3. ID.; CIVIL ACTIONS; PERFECTION OF APPEAL OR FILING OF PETITION FOR REVIEW WITHIN REGLEMENTARY PERIOD, MANDATORY. — The perfection of an Appeal or the filing of a Petition for Review within the reglementary period fixed by the Rules is mandatory and jurisdictional and the failure to do so renders the questioned Decision final and executory and it becomes the ministerial duty of the court concerned to order execution of judgment.


D E C I S I O N


GANCAYCO, J.:


This is a Petition for certiorari under Rule 45 of the Rules of Court. It seeks a review of a Decision of a Special Division of the Court of Appeals in CA-G.R. No. 01347 promulgated on January 23, 1973. 1

The record of the case discloses that private respondent Jesus G. De Jesus is a businessman engaged in the business of tobacco importation. Sometime in the late 1960s, he arranged for the importation of a sizeable amount of tobacco from Richmond, Virginia, U.S.A. When the tobacco arrived at the Port of Manila, some difficulties arose. The customs authorities refused to process the importation on the grounds that a law had been violated and that some other required documents were not presented by the private Respondent.

The private respondent made several attempts to obtain the release of the tobacco to no avail. This prompted him to seek relief from the then Court of First Instance of Manila. He filed a Petition for injunction, prohibition and mandamus. The respondents named in the suit were the Collector of Customs for the Port of Manila, the Commissioner of Customs and the Secretary of Finance. 2 The case was docketed as Civil Case No. 83572 and assigned to Branch XIII thereof. The private respondent asked the trial court to order the release of the said importation.

On July 10, 1971, the private respondent submitted a Supplemental Petition. On July 29, 1971, the Office of the Solicitor General, representing the Collector of Customs, the Commissioner of Customs and the Secretary of Finance, submitted an Answer to both Petitions. The trial court conducted a hearing on the case.

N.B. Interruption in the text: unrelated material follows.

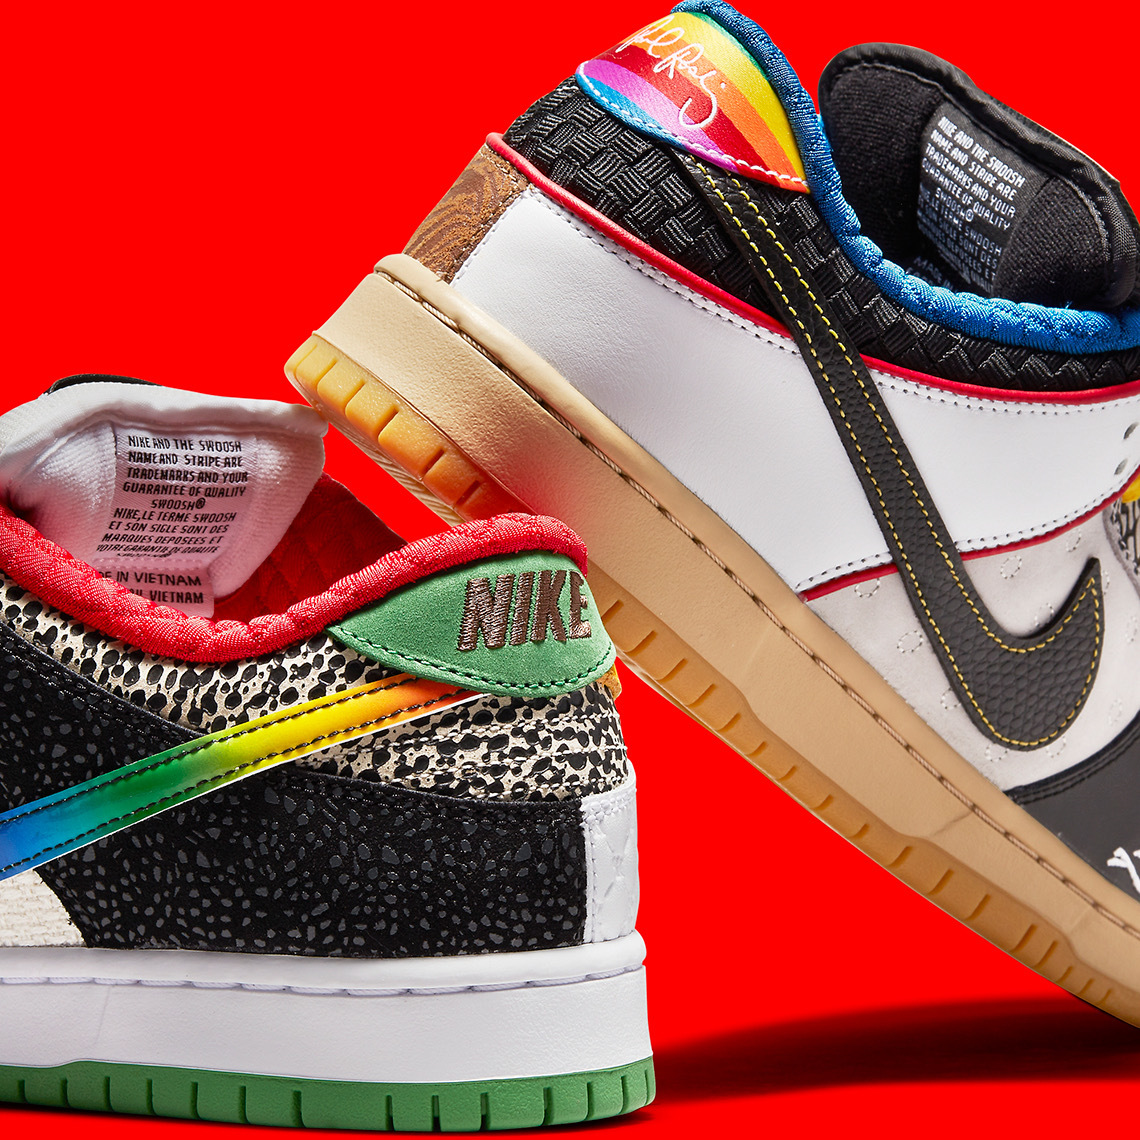 Nike SB Mingled All of Paul Rodriguez’s Best Sneakers Into One
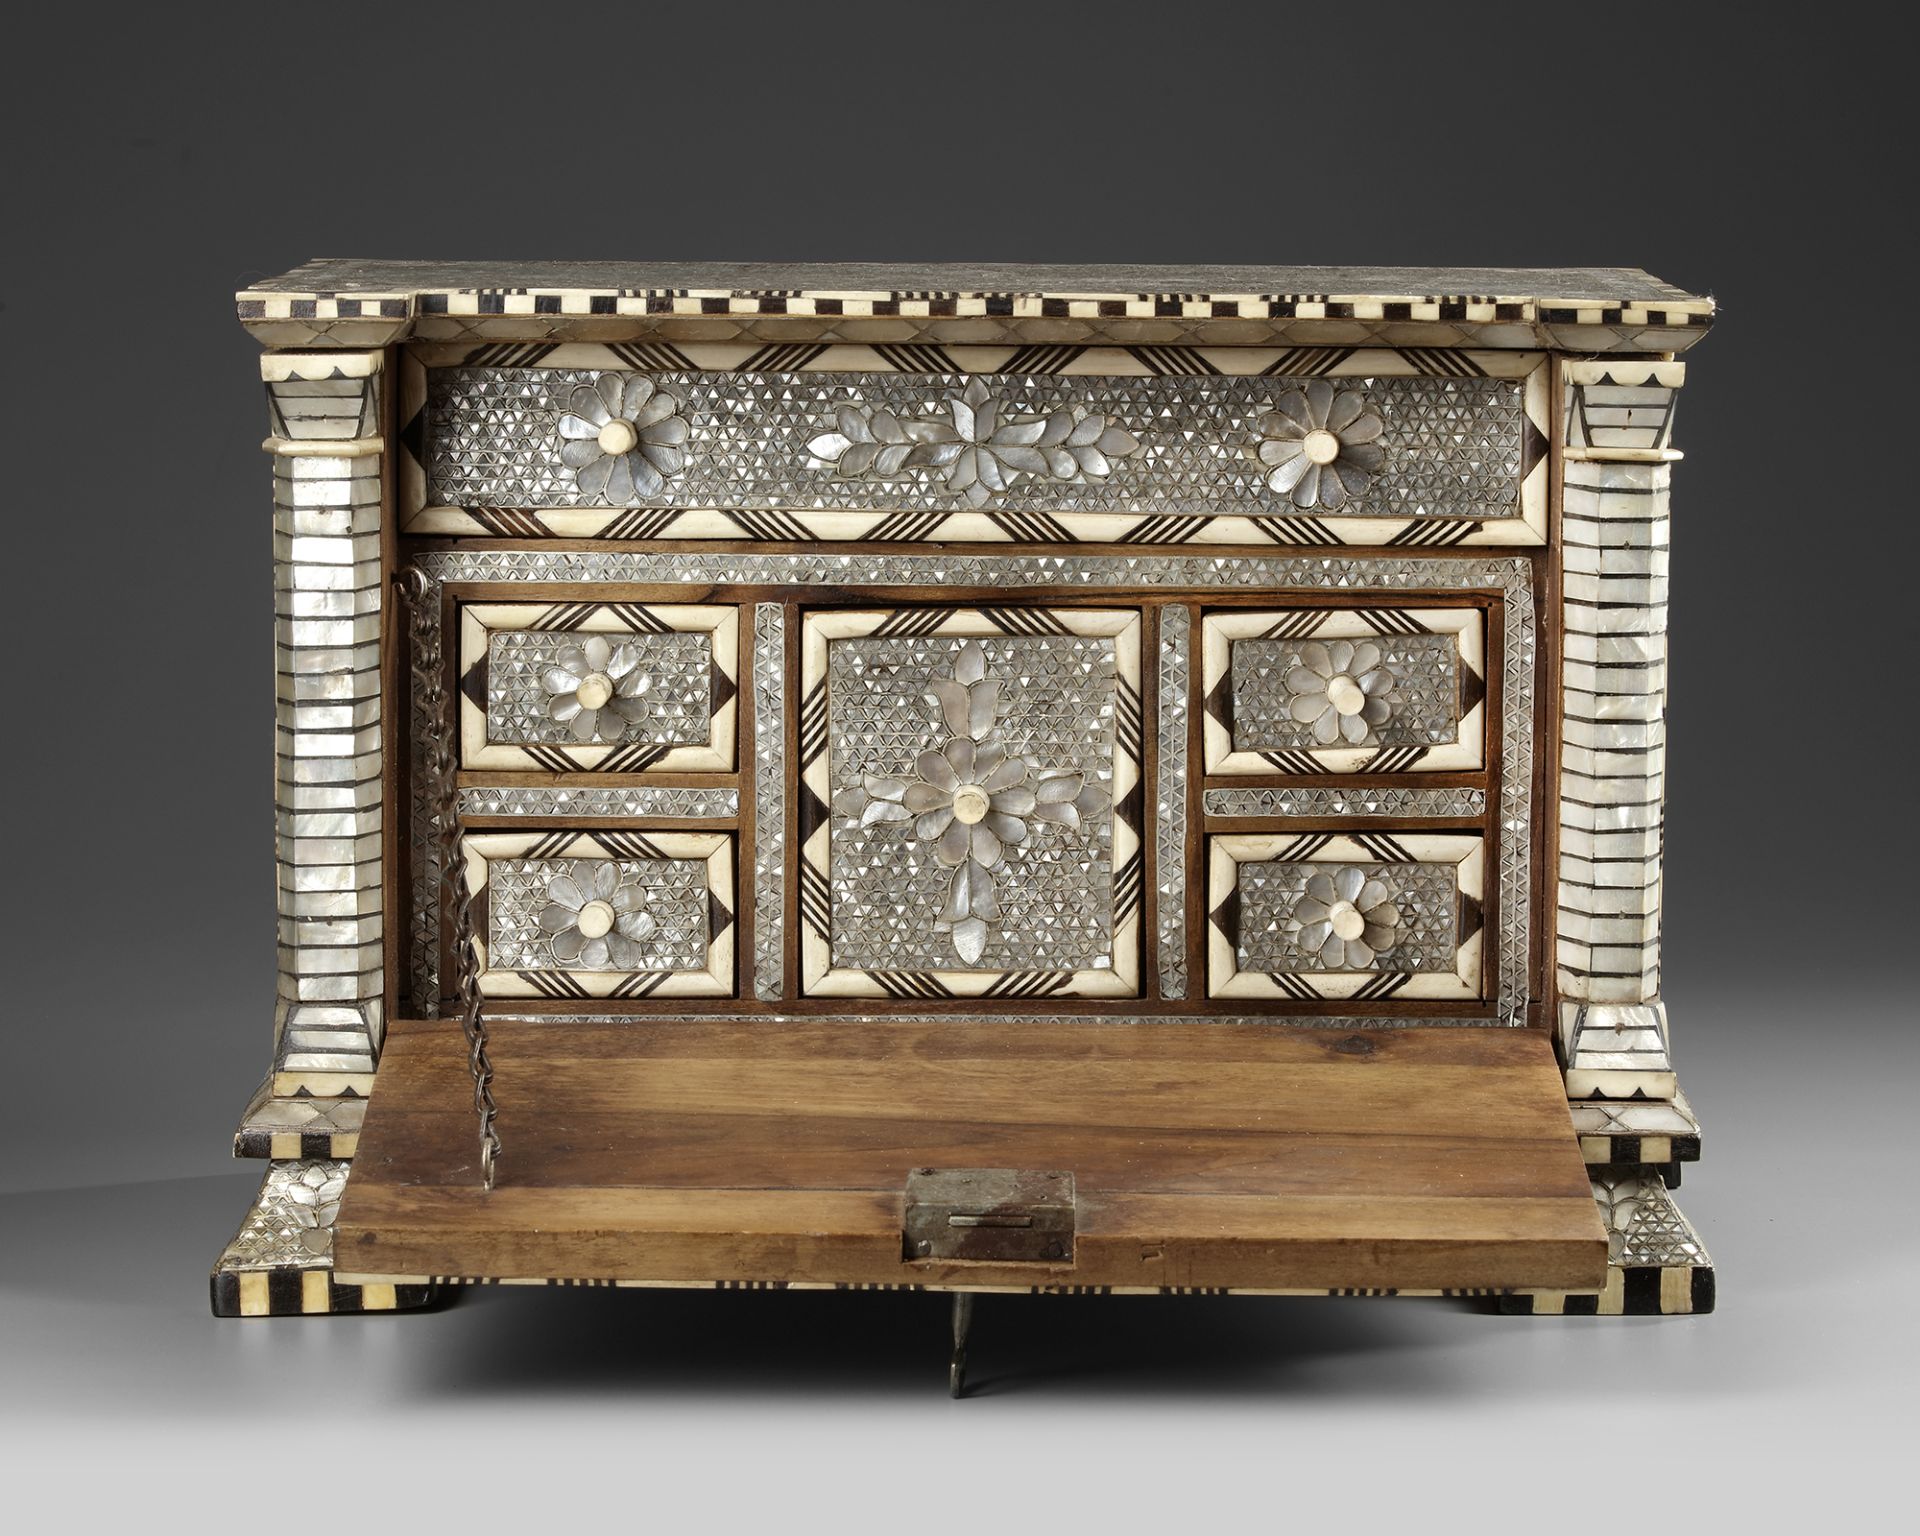 AN OTTOMAN MOTHER-OF-PEARL AND BONE INLAID CHEST, TURKEY, EARLY 20TH CENTURY - Image 4 of 5

On May 15, 1972, the trial court rendered a Decision in favor of the private Respondent. 3 The Solicitor General alleges that it received a copy of the said Decision only on May 25, 1972. 4 On June 23, 1972, the Solicitor General filed a Notice of Appeal with the trial court. On June 26, 1972, the private respondent sought the issuance of a writ of execution pending appeal.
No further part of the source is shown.